Wo Grenzen noch Grenzen sind

grenzfluss Die Abtei Ndanda liegt im Süden von Tansania, nahe der Grenze zu Mosambik. Sie hat voriges Jahr ein neues Projekt in Mosambik gestartet. Irgendein Besserwisser hat mir mal gesagt, Ndanda hätte sich vor einer echten Herausforderung gedrückt, denn das neue Projekt sei gleich hinter der Grenze, bei denselben Stämmen, die auch in der Umgebung von Ndanda leben. Dann wird es wohl ganz leicht sein, dort hinzukommen.
Der Weg von Dar es-Salaam nach Mtwara, der letzten Großstadt auf tansanischer Seite, ist tatsächlich problemlos mit dem Linienbus zu bewältigen. In Mtwara nimmt mich P.Tuzinde sehr freundlich auf, informiert die Brüder in Mosambik, was wegen der unterschiedlichen Telefonnetze nicht so einfach ist, und stellt mir am nächsten Morgen sein Auto zur Verfügung. Fahrer Ben bringt mich die 50 km bis zur Grenze. Der tansanische Grenzposten befindet einen guten Kilometer davor, ein paar Fragen nach Dingen, die ich schon deutlich lesbar ins Ausreiseformular geschrieben habe (Beruf, Reiseziel), ein Stempel, das war’s.
kivuko Die Grenze wird vom Fluss Ruvuma (oberes Foto) gebildet, der hier in den Indischen Ozean mündet. Die Autofähre (zweites Foto) kann nur bei Flut fahren, also erst am Nachmittag. Daher heißt es umsteigen vom bequemen Auto in ein kleines Boot mit Außenbordmotor. Die anderen vier oder fünf Passagiere sind schon an Bord, los geht’s. Zu meiner Überraschung geht es aber nur über einen schmalen Flussarm, dann kommen wir an einer großen Sandfläche an, und wir müssen erst einmal ein Stück über den Sand laufen.
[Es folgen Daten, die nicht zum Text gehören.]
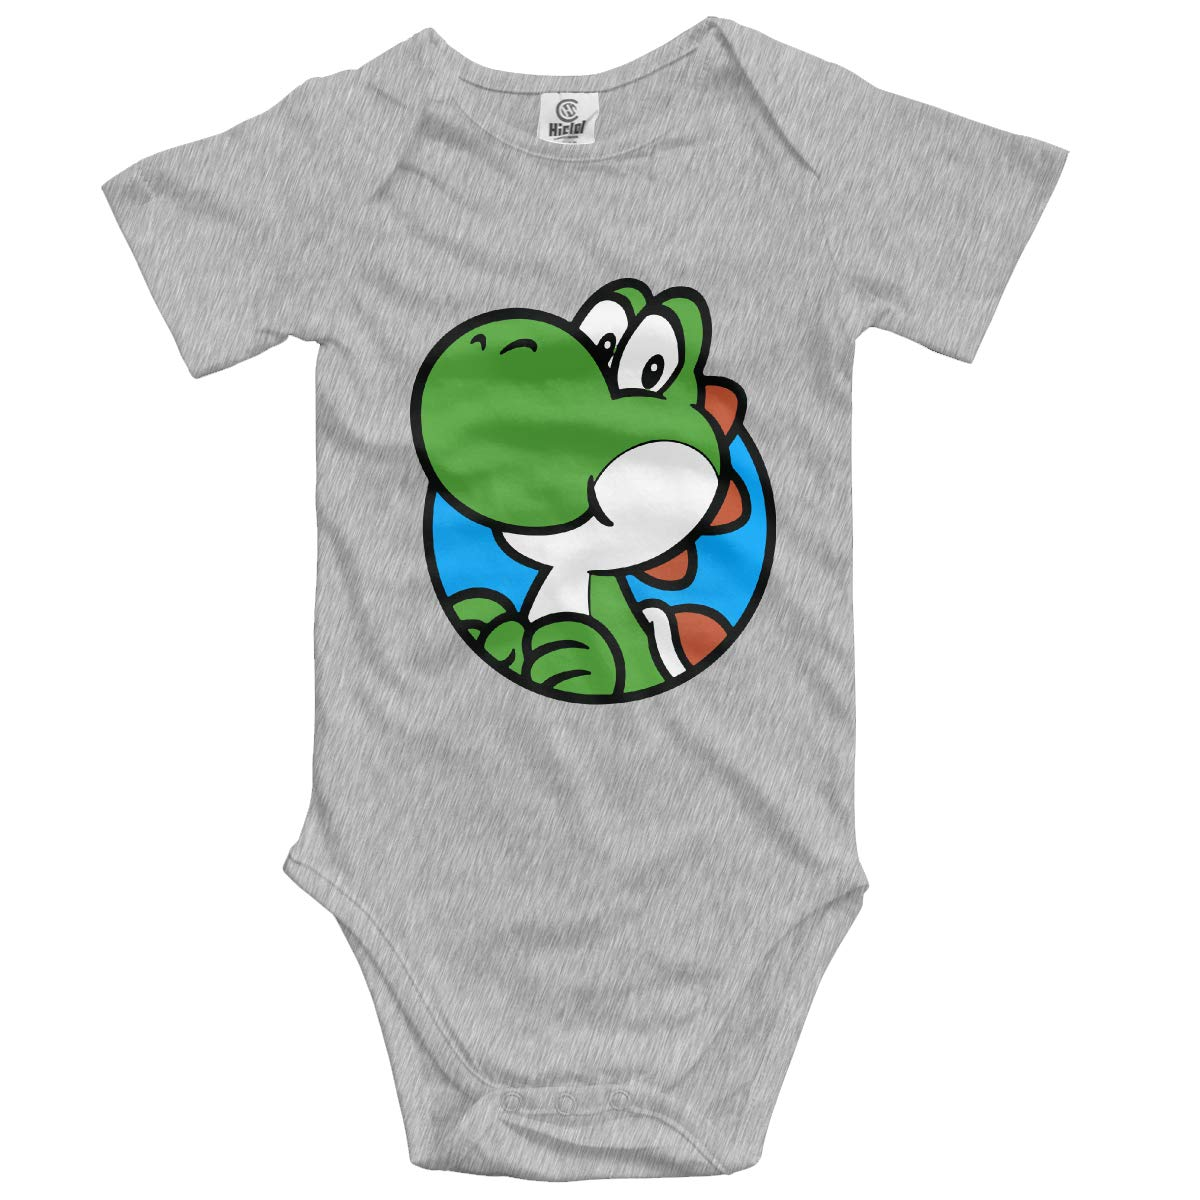 J122 Newborn Dinosaur Companion Short Sleeve Climbing Clothes Playsuit Suit 6-24 Months

Ein Teil des Trupps geht nach rechts, der andere Teil nach links. Ich folge den Leuten, die nach links gehen, weil uns gesagt wurde, dass dort das nächste Boot liegt. Warum die anderen nach rechts gegangen sind, wird mir erst klar, als ich den Priel (für Nicht-Norddeutsche: Wasserlauf) sehe, der auf unserem Weg liegt. Knietief, aber machbar. Meine letzte Wattwanderung war vor 30 Jahren. Damals ging es von Amrum nach Föhr. Bald kommen wir an den Hauptarm des Flusses, wo das nächste Boot schon bereit liegt, fehlt nur noch der Motor, der dann schließlich per Träger (unteres Foto) ankommt.
Am anderen Ufer geht es dann mit dem Taxi zum Grenzposten. Im Gebäude selbst geht es schnell: Reisepass vorzeigen, Stempel rein, fertig. Dann will aber auch der Grenzwächter, der gemütlich auf der Bank vor dem Gebäude sitzt, meinen Pass nochmal kontrollieren. Diesmal dauert es etwas länger, aber irgendwann hat auch er meinen ganzen Pass durchgelesen. Jetzt hatte ich eigentlich gehofft, dass P.Valentino mich abholt, aber weit und breit ist niemand zu sehen. Ich setze mich also vor dem Grenzposten in den Schatten, da kommt noch ein Grenzwächter zu mir: „Sorry, mein Boss sagt, Sie hätten Ihren Pass noch nicht vorgezeigt.“ Also die dritte Passkontrolle und die hochintelligente Frage, ob ich aus Tansania komme. Ich widerstehe der Versuchung, „Nein, aus Indien“, zu antworten, und bin positiv überrascht, als er um Entschuldigung für die „Unannehmlichkeit“ bittet. Mein Telefon zeigt mit tansanischer SIM-Karte „Roaming“ und „Sehr schwaches Signal“ an, also lege ich die mosambikanische SIM-Karte ein, die man mir in Ndanda mitgegeben hat. Aber auch mit dieser Karte ist das Signal sehr schwach, und in keinem der beiden Läden gibt es Handy-Guthaben zu kaufen. Jetzt fange ich langsam an, mich nach Tansania zurückzuwünschen. Irgendwann kommt dann aber doch eine SMS von Valentino: „Wir sind unterwegs.“ Auch für die Information mit meiner genauen Ankunftszeit war es anscheinend schwierig, die Grenze zu überwinden.
Allen Leuten in Europa, die von Grenzen mit viel Kontrollen und wenig Verkehr träumen, wünsche ich die Erfahrung, mal von Tansania nach Mosambik zu reisen. Den Leuten von Pegida wünsche ich, dass sie danach gleich in Mosambik bleiben müssen.